» TASK GOAL
All of the listing must be given again exactly, except that the images are dropped.

» AVAILABLE DATA
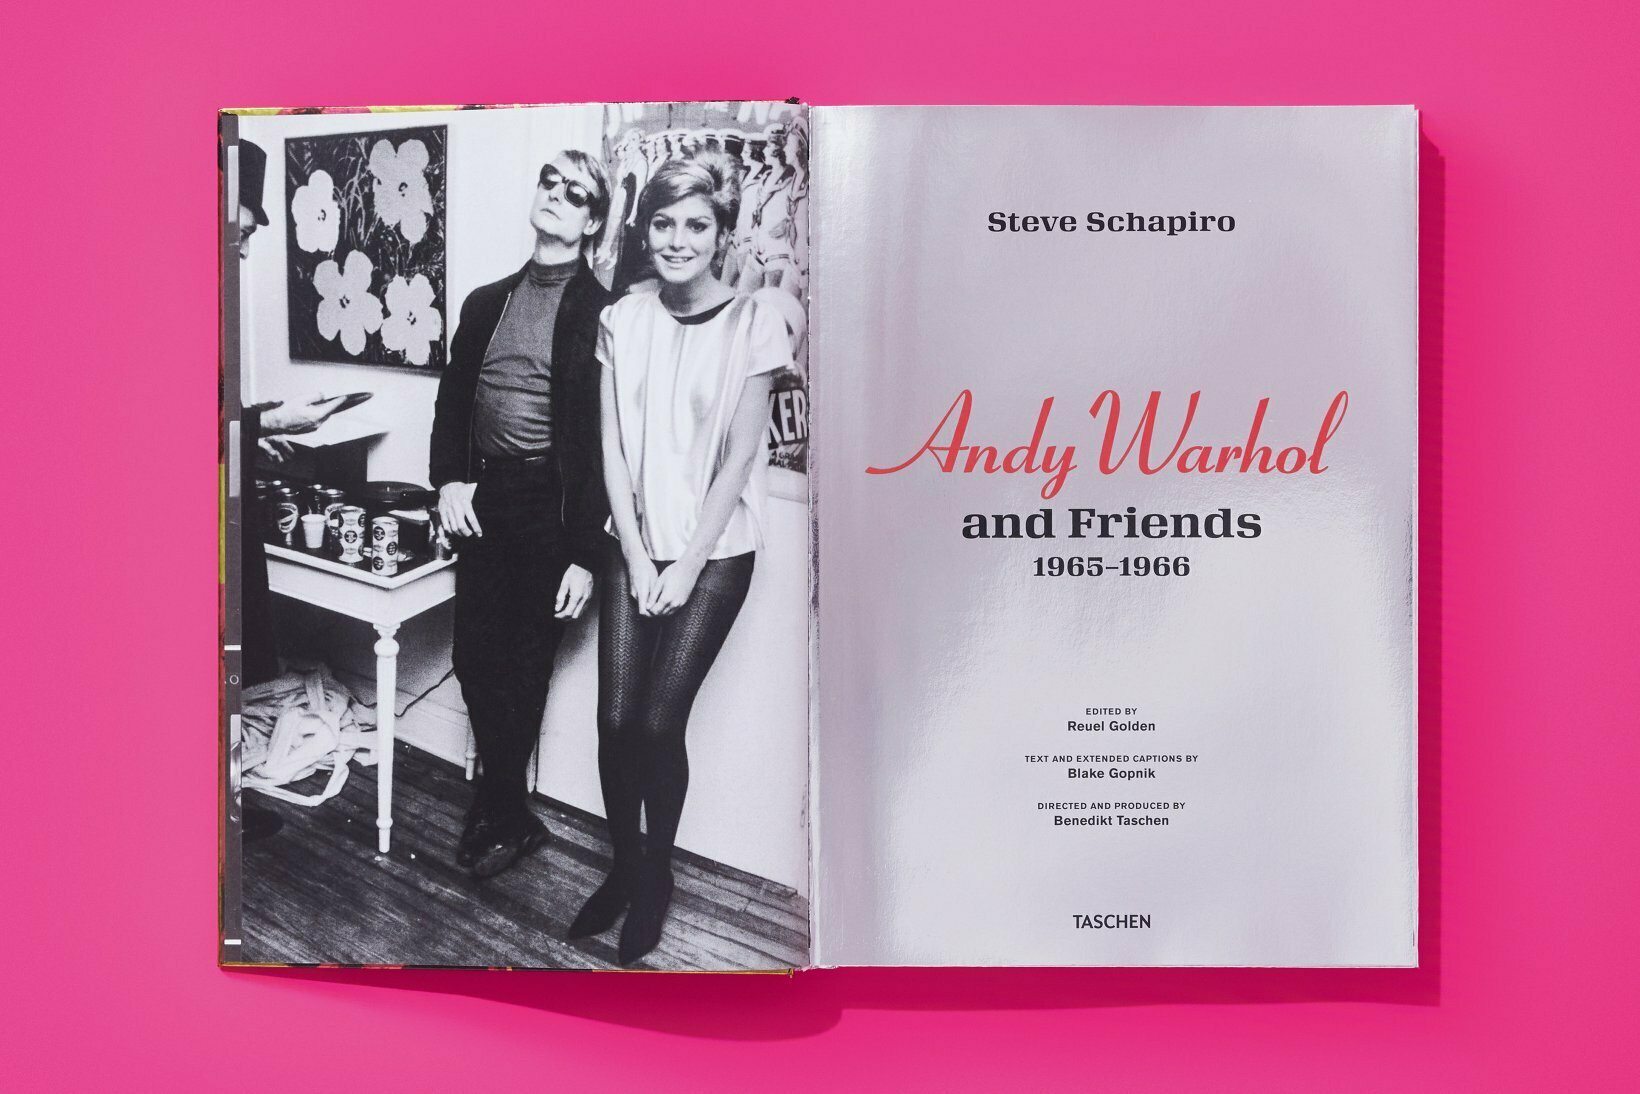 “Andy Warhol and friends (1965-1966)” par Steve Schapiro. Courtesy of Taschen.
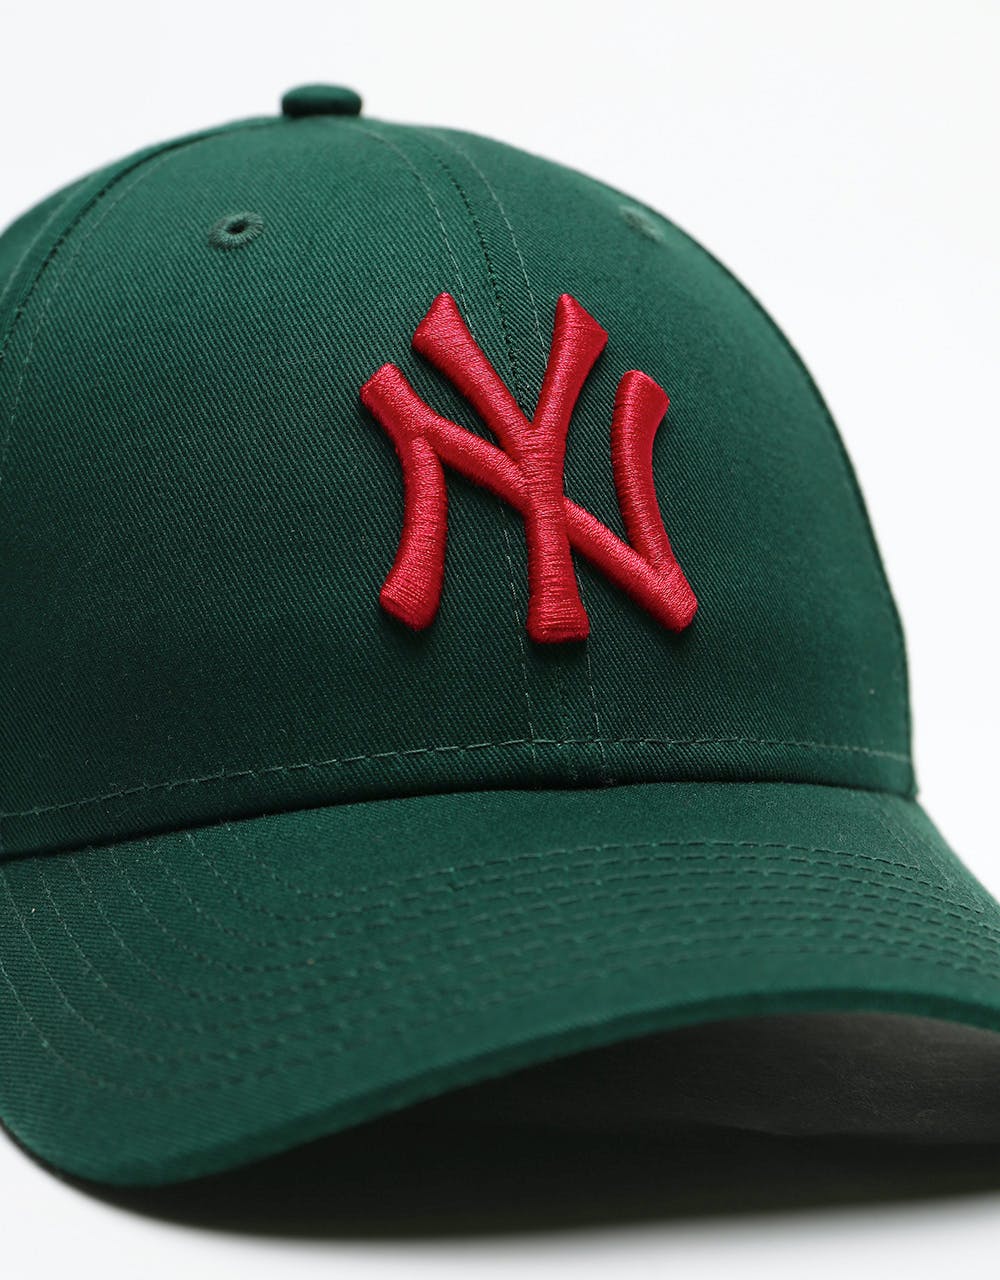 New Era 9Forty MLB New York Yankees Cap - Dark Green
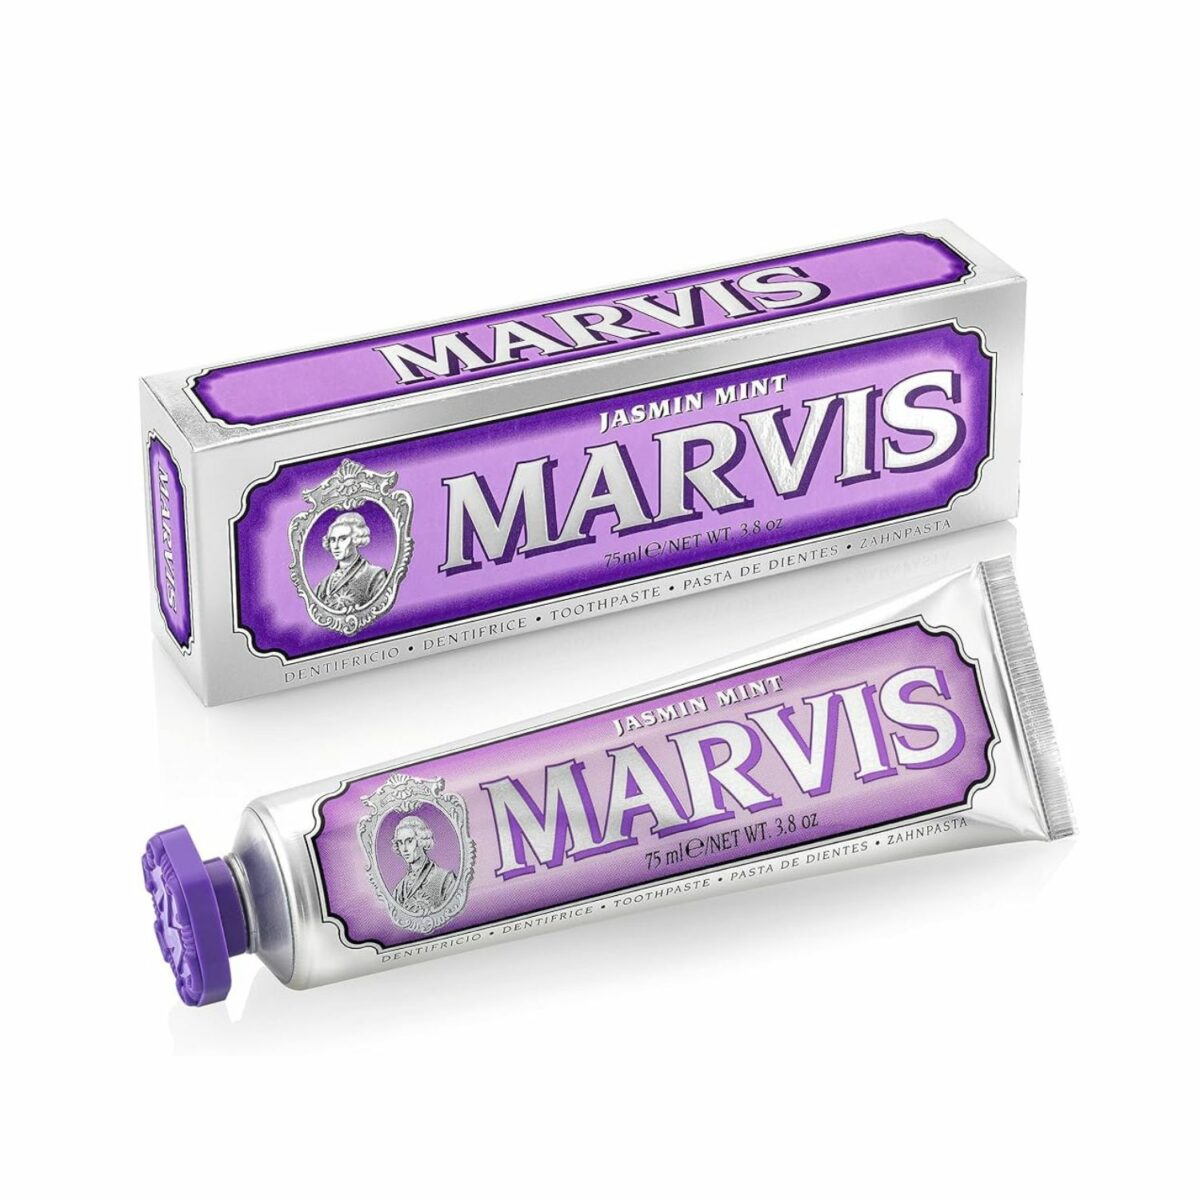 Marvis Jasmin Mint pasta za zube 85ml

» TASK ANSWER
 “Andy Warhol and friends (1965-1966)” par Steve Schapiro. Courtesy of Taschen.
 New Era 9Forty MLB New York Yankees Cap - Dark Green
 Marvis Jasmin Mint pasta za zube 85ml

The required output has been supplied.